AGRONEGOCIOS
Safra de soja bate novo recorde e leva produção brasileira de grãos a 350,4 milhões de toneladas em 2026
AGRONEGOCIOS
A produção brasileira de grãos deve atingir um novo recorde histórico em 2026. De acordo com o Levantamento Sistemático da Produção Agrícola (LSPA), divulgado pelo IBGE, a safra nacional de cereais, leguminosas e oleaginosas foi estimada em 350,4 milhões de toneladas, volume 1,2% superior ao registrado em 2025, representando um acréscimo de 4,3 milhões de toneladas.
Na comparação com abril, a estimativa avançou 0,5%, reforçando as perspectivas positivas para o setor agrícola nacional.
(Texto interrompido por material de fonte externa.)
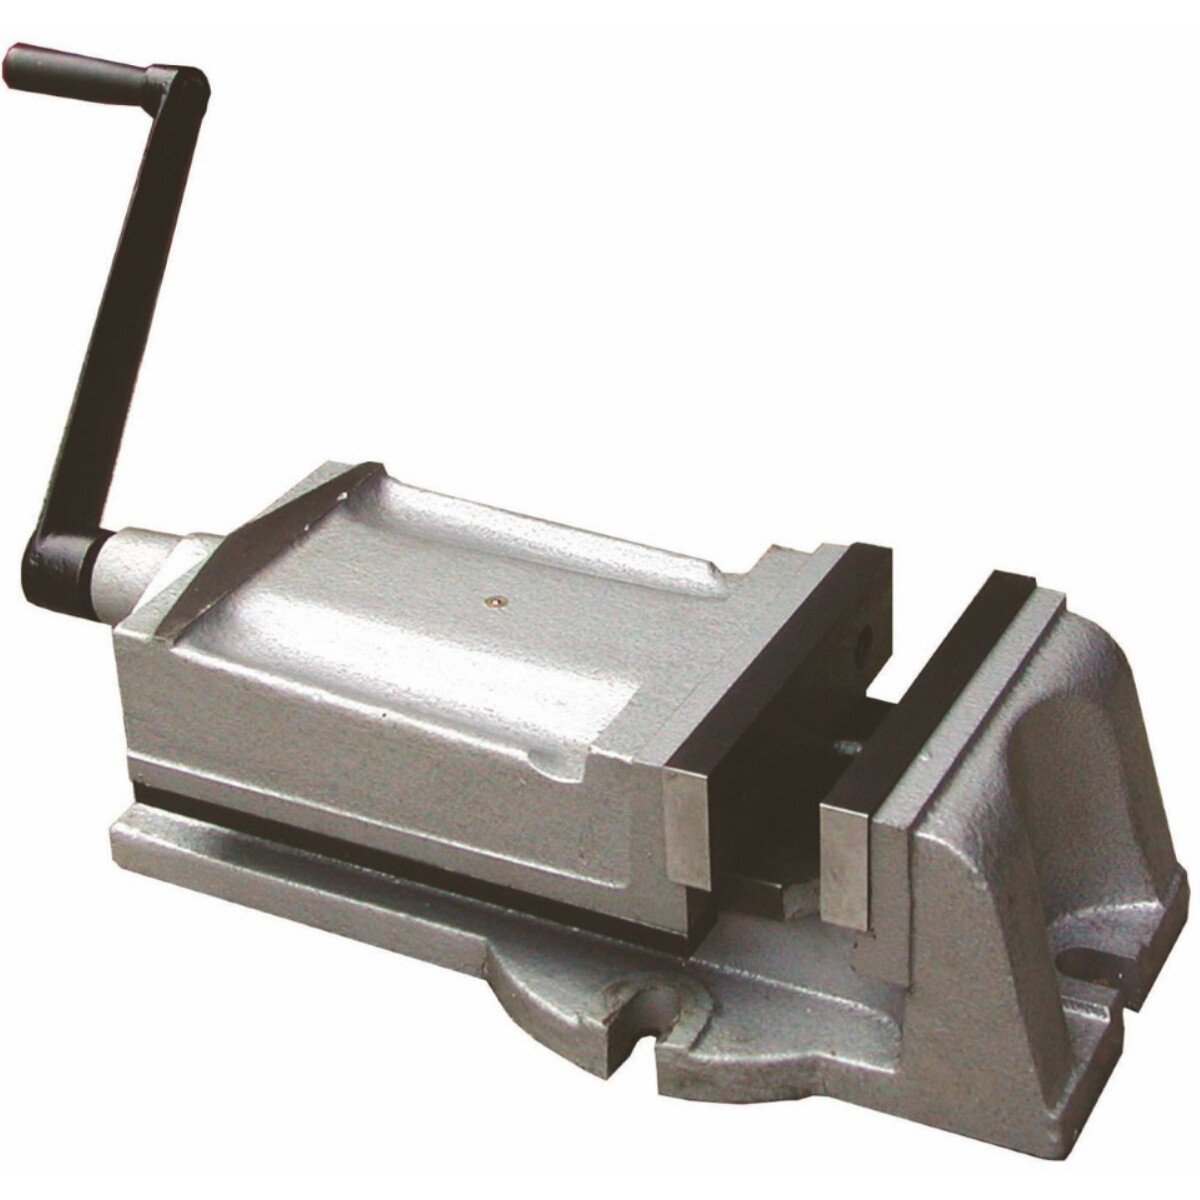 Linear Tools 52-865-160 Heavy Duty Milling Vice 160mm

O destaque absoluto da temporada é a soja, que alcança a maior produção já registrada no país e responde por quase metade de toda a safra brasileira de grãos.
Soja alcança 174,6 milhões de toneladas e estabelece novo recorde
A produção brasileira de soja foi estimada em 174,6 milhões de toneladas, novo recorde da série histórica do IBGE. O volume representa crescimento de 5,1% em relação à safra de 2025, quando foram colhidas 166,1 milhões de toneladas.
A área cultivada deve alcançar 48,3 milhões de hectares, avanço de 1,1% na comparação anual. Já a produtividade média foi projetada em 3.617 quilos por hectare, aumento de 4% sobre a temporada anterior.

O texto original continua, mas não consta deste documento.